Entre os eventos citados nominalmente está a Copa do Brasil, organizada pela CBF. A nota também menciona o "pagamento e recebimento de subornos e propinas em conexão com o patrocínio da CBF por uma grande empresa sportswear dos EUA. Atualmente, a patrocinadora oficial da CBF é a Nike.
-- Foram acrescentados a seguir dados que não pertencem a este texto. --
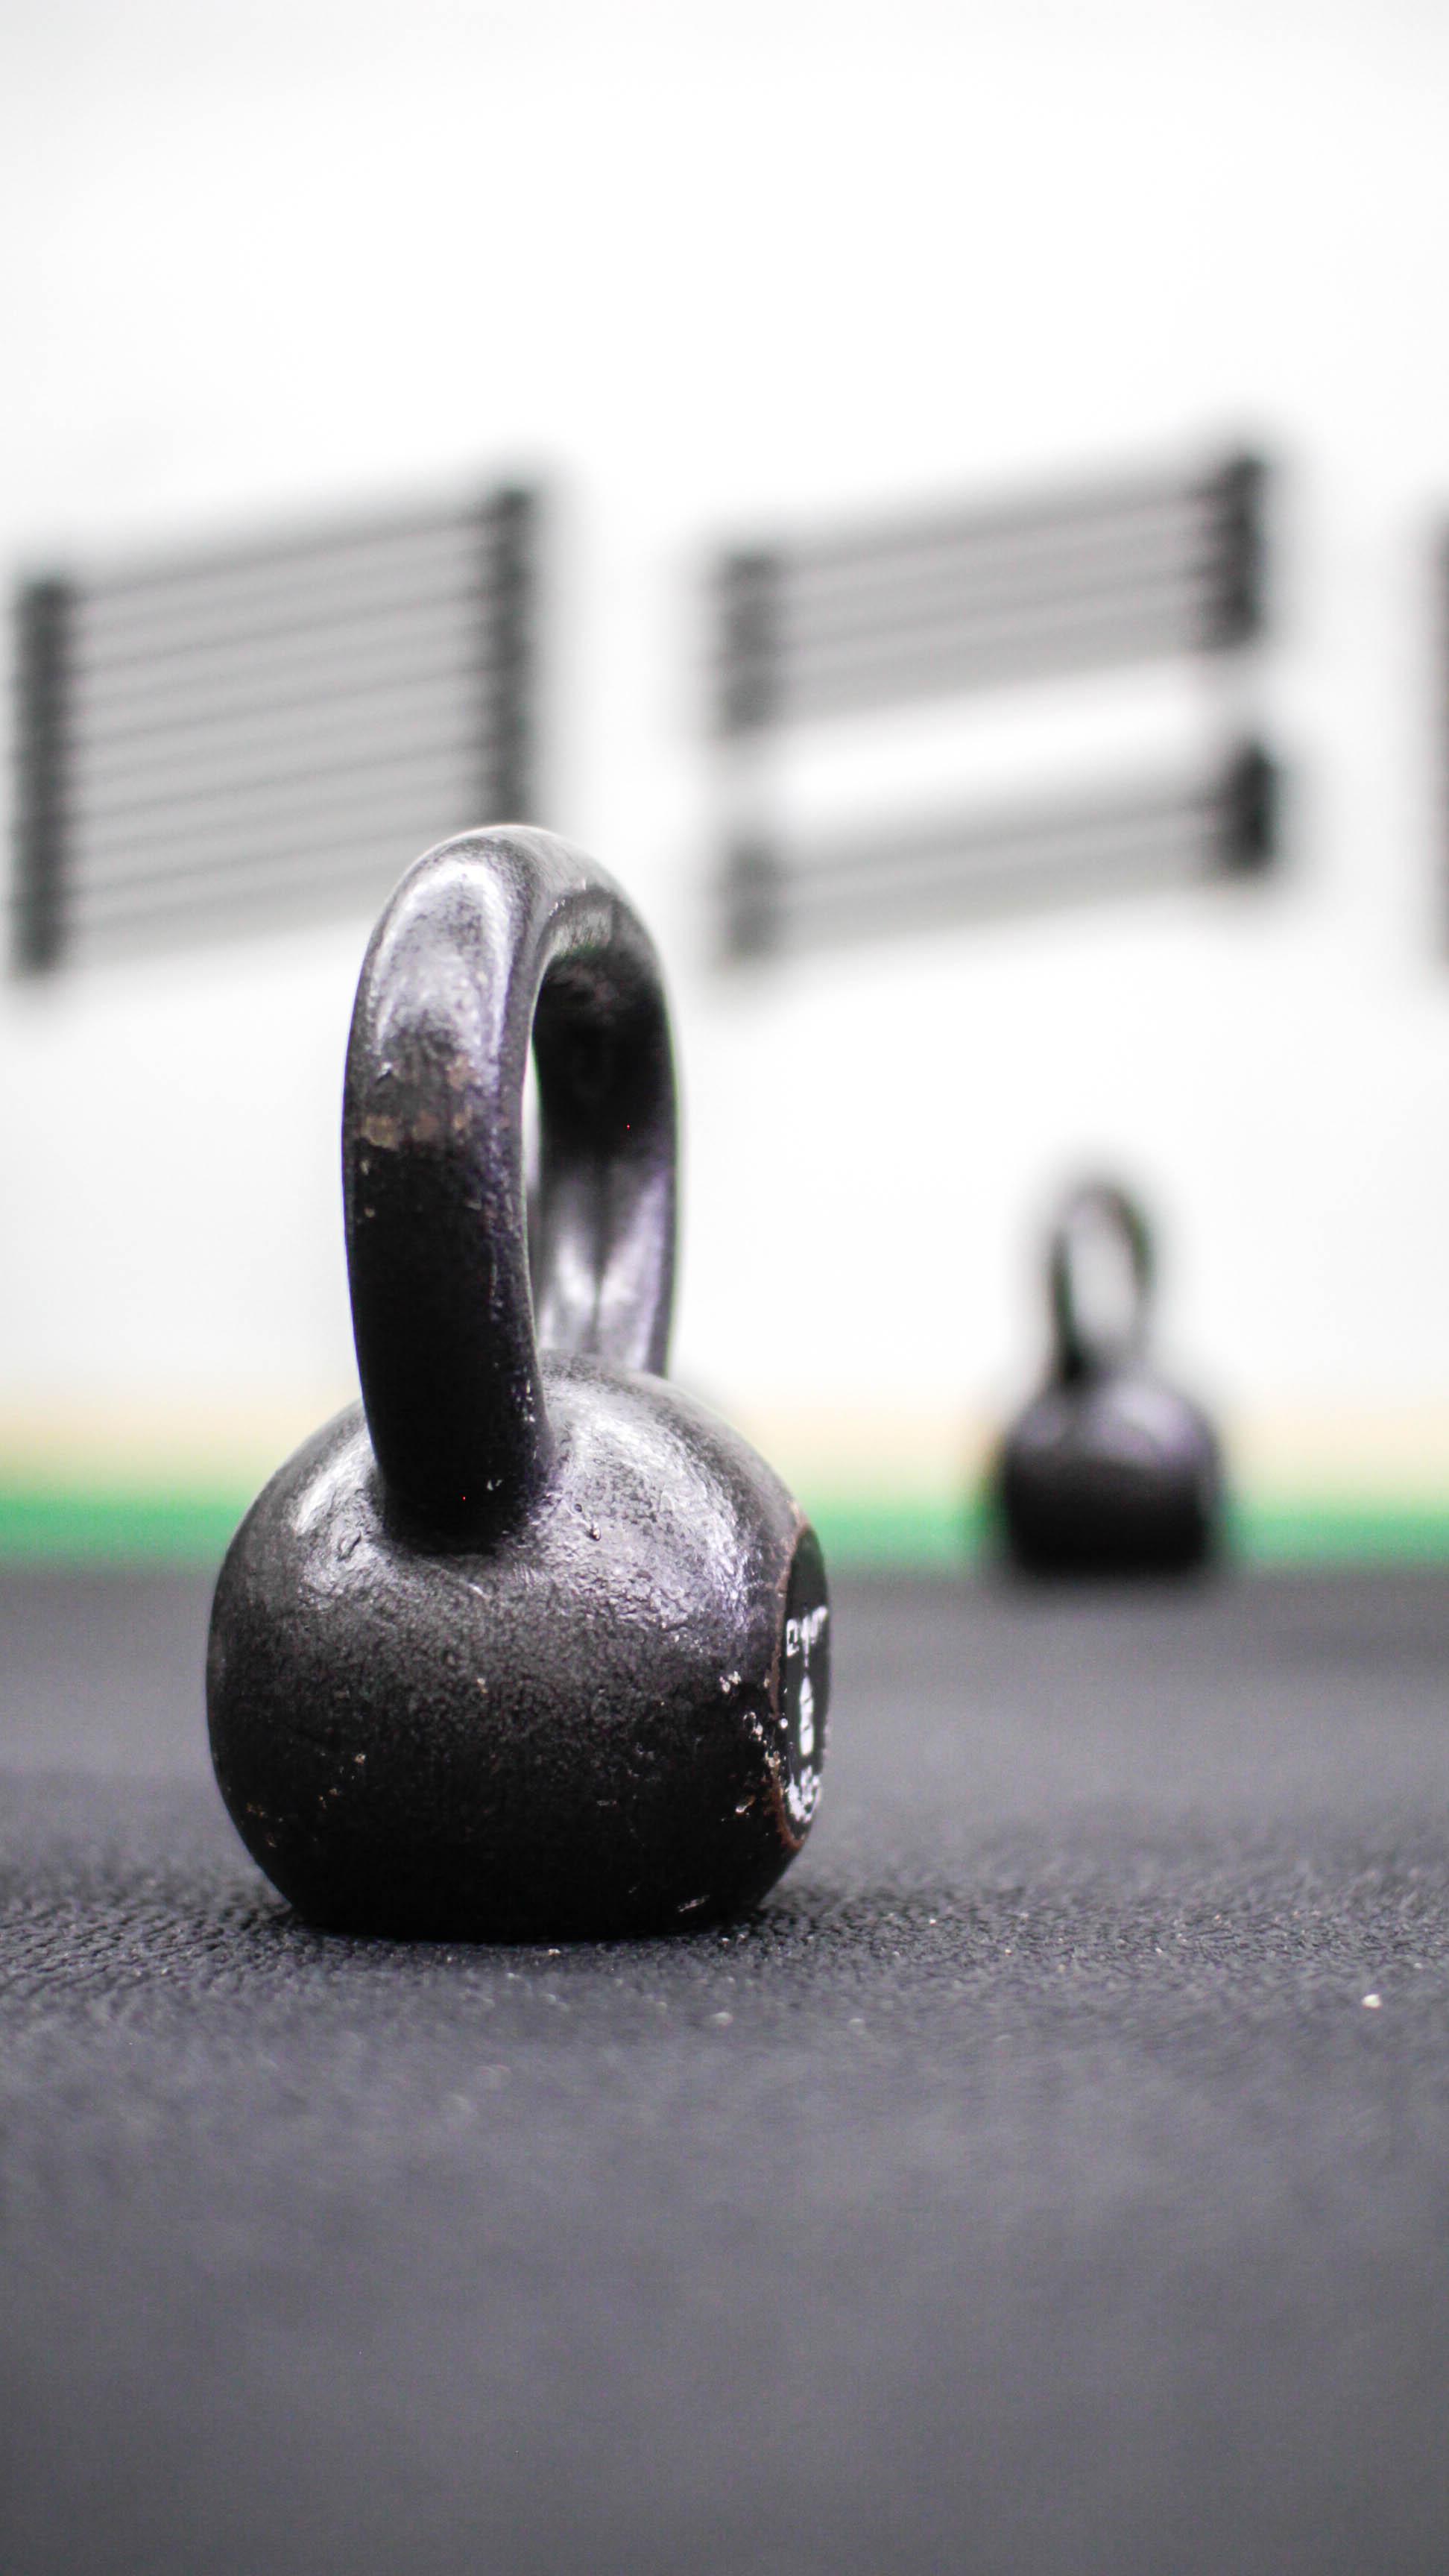 Fitness, athletics, health, and community

Os nomes de três brasileiros constam da relação de investigados divulgada pelo Departamento de Justiça dos Estados Unidos. Além do ex-presidente da CBF, José Maria Marin, detido esta manhã, em Zurique, Suíça, são citados o empresário José Hawilla, dono da Traffic Group, e José Margulies, dono de empresas de transmissão de eventos esportivos.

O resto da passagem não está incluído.